Так что в свой последний семестр я разослал заявления о приёме на работу только в те компании, которые, я был уверен, отправляют своих сотрудников в заграничные командировки. Это были компании «Шелл» (восточное отделение), «Империал Кемикалс» (восточное отделение) и какая-то финская лесозаготовительная компания, название которой я забыл.
В «Империал Кемикалс» и в финскую лесозаготовительную компанию меня готовы были взять, но мне почему-то сильнее всего хотелось попасть на работу в «Шелл». Когда пришла пора ехать в Лондон на собеседование, наставник моего факультета сказал, что смешно даже пытаться.
– Восточное отделение «Шелл» – это сливки, это лучшие из лучших, – сказал он. – Там будет не меньше сотни претендентов, а вакансий примерно пять. Туда может попасть разве что староста школы, а ты ведь даже не староста факультета!
Насчёт претендентов заведующий оказался прав. Когда я приехал в Лондон, в главное управление компании «Шелл», то собеседования ждали сто семь юношей. А мест было всего семь. Пожалуйста, не спрашивайте меня, как мне удалось получить одно из них. Я и сам не знаю. Но я его получил, и, когда по возвращении в школу я сообщил эту радостную новость своему наставнику, он не поздравил меня и не пожал мне по-дружески руку. Он отвернулся и пробурчал:
– Одно скажу: я чертовски рад, что не стал вкладываться в акции «Шелл»!
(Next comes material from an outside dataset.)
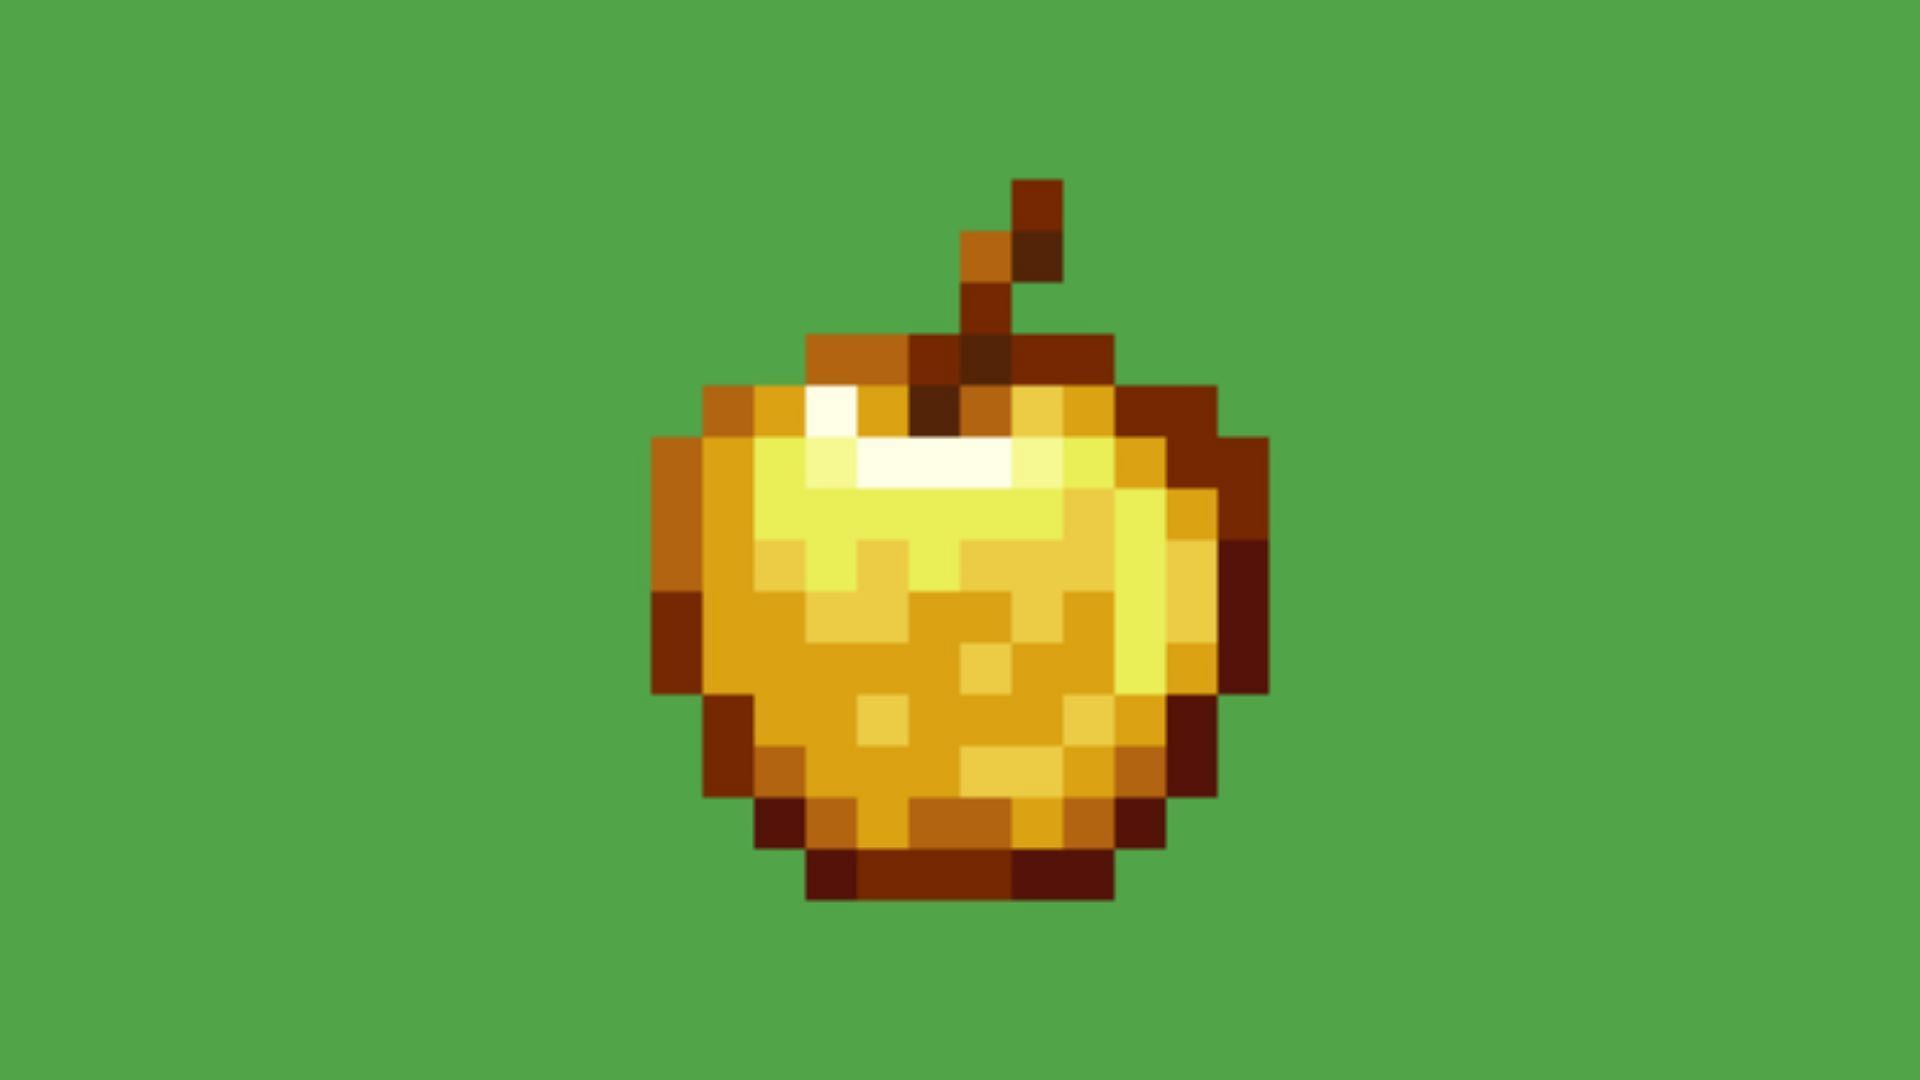 Golden apple in Minecraft. (Image via Mojang Studios)

Но мнение наставника меня больше не интересовало. У меня всё сложилось. У меня была работа. Это было здорово. В июле 1934 года я навсегда распрощаюсь со школой, а через два месяца, в сентябре, как только мне исполнится восемнадцать, поступлю в «Шелл». Я буду стажёром в восточном отделении с окладом пять фунтов в неделю.
Я получил работу в «Шелл»!
16 июля 1934 года
Мистеру Р. Далю
Школа Рептон,
Рептон,
Дербишир
Уважаемый сэр,
в продолжение нашего с Вами недавнего собеседования о приёме на работу сообщаем, что мы получили отчёт об удовлетворительных результатах Вашего медицинского обследования и готовы предложить Вам место в нашем лондонском штате с испытательным сроком и с годовым доходом в 130 фунтов стерлингов, с тем чтобы в дальнейшем, через некоторое время после того как Вам исполнится 21 год, Вы перешли на работу в одно из наших заграничных отделений – если Ваша работа и поведение в нашем лондонском офисе окажутся удовлетворительными и если Вы на протяжении испытательного срока продемонстрируете успехи, ожидаемые от кандидатов, отбираемых нами для служения нашей компании за рубежом.
Во избежание недоразумений излагаем ниже то, что было сообщено Вам устно в ходе собеседования: в случае если Вам будет предложено занять место в каком-либо из наших филиалов за пределами Европы…
В то лето я впервые в жизни не поехал с семьёй в Норвегию. Я смутно ощущал, что напоследок, прежде чем начать работать, должен сделать что-то особенное и важное. Так что в свой последний школьный семестр я записался на август в экспедицию некоего «Исследовательского общества частных школ». Руководил этой организацией человек, ходивший с капитаном Скоттом в его последнюю экспедицию на Южный полюс, и он набирал группу старших школьников для исследования внутренних районов Ньюфаундленда во время летних каникул. Это звучало заманчиво.
Без малейшего сожаления я навсегда распрощался с Рептоном и отправился обратно в Кент на своём мопеде. Эту великолепную машину, «Ариэль» с объёмом двигателя 500 кубических сантиметров, я купил годом раньше за восемнадцать фунтов и весь последний семестр тайно хранил в гараже в двух милях от школы на Виллингтон-роуд. По воскресеньям я шёл в гараж и, хорошенько замаскировавшись посредством шлема, мотоциклетных очков, старого плаща и болотных сапог, носился по всему Дербиширу. Здорово было с рёвом мчаться прямо по территории Рептона, пролетая неузнанным мимо учителей, нарезая круги вокруг грозных и надменных старшеклассников-стариков, вышедших на воскресную прогулку. Я и сейчас вздрагиваю при мысли, что они сделали бы со мной, если бы я попался, – но я не попался. Так что в последний учебный день я весело посигналил клаксоном и покинул школу навсегда. Мне ещё не было восемнадцати.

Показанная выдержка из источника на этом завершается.